LeRoy collaborated with Hardwicke Industries, who previously built safari parks in Canada and Europe. Together, they set out to open the seven parks in stages over a 5-year period. After a 4,500 invitation-only guest opening on June 30, 1974, the Great Adventure entertainment complex opened to the general public on July 1, 1974, at a price tag of $10 million. At the time of the opening, only the Enchanted Forest area and Safari park were operational, with elements from five of the other planned parks being used to create the Enchanted Forest.

The Enchanted Forest was designed and built to look bigger-than-life. A Big Balloon was a tethered hot-air balloon that loomed over the park's entrance and was the biggest of its kind in the world. The Log Flume was the longest log ride constructed in the world at that time and it was accompanied by a giant "Conestoga Wagon", an over-sized log cabin restaurant called "Best of the West" and a huge Western Fortress, in the park's Rootin' Tootin' Rip Roarin' section. The Giant Wheel (now Big Wheel), then the tallest Ferris wheel in the world, and the Freedom Fountain, then the largest spraying fountain in the world, were located on the opposite end of the park. One of the few smaller-than-real life attractions was an outdoor walk-through attraction called the Garden of Marvels. It used working G-scale (o-g scale) LGB trains and boats among models of American landmarks and 1/25-scale recreations of European castles.

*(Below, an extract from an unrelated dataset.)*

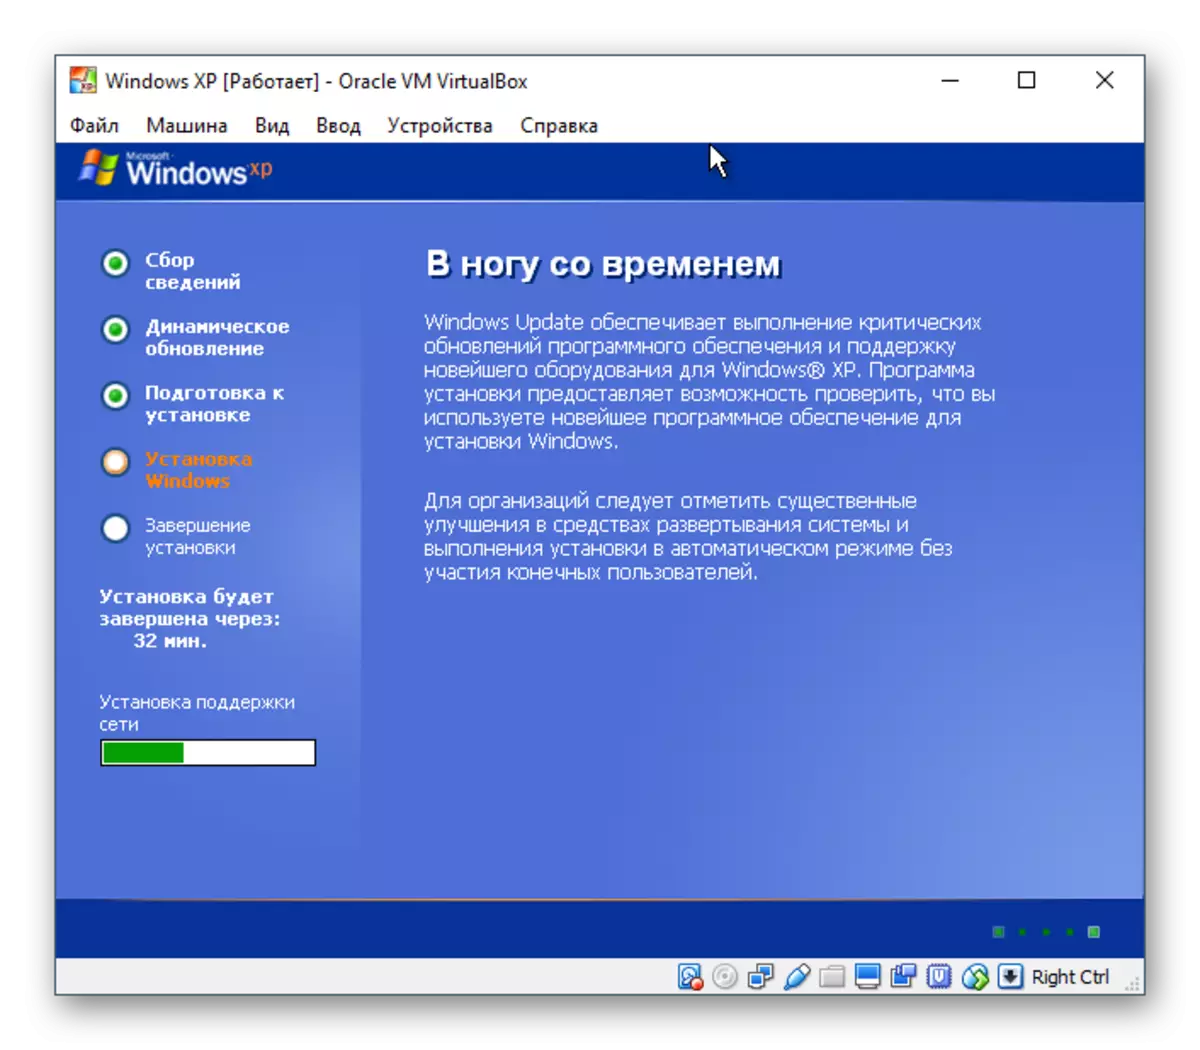 Mga setting ng network ng Windows XP sa VirtualBox.

This miniature village was an idea taken from LeRoy's proposed Over the Rainbow floral park. A tree filled with snakes, a carousel, antique cars, koi pond, children's playground (called Kiddie Kingdom), petting zoo (named Happy Feeling) and a restaurant named Gingerbread Fancy (now Granny's Country Kitchen) were also borrowed from the floral park concept to create a section of The Enchanted Forest. This section created the park's main midway named Dream Street.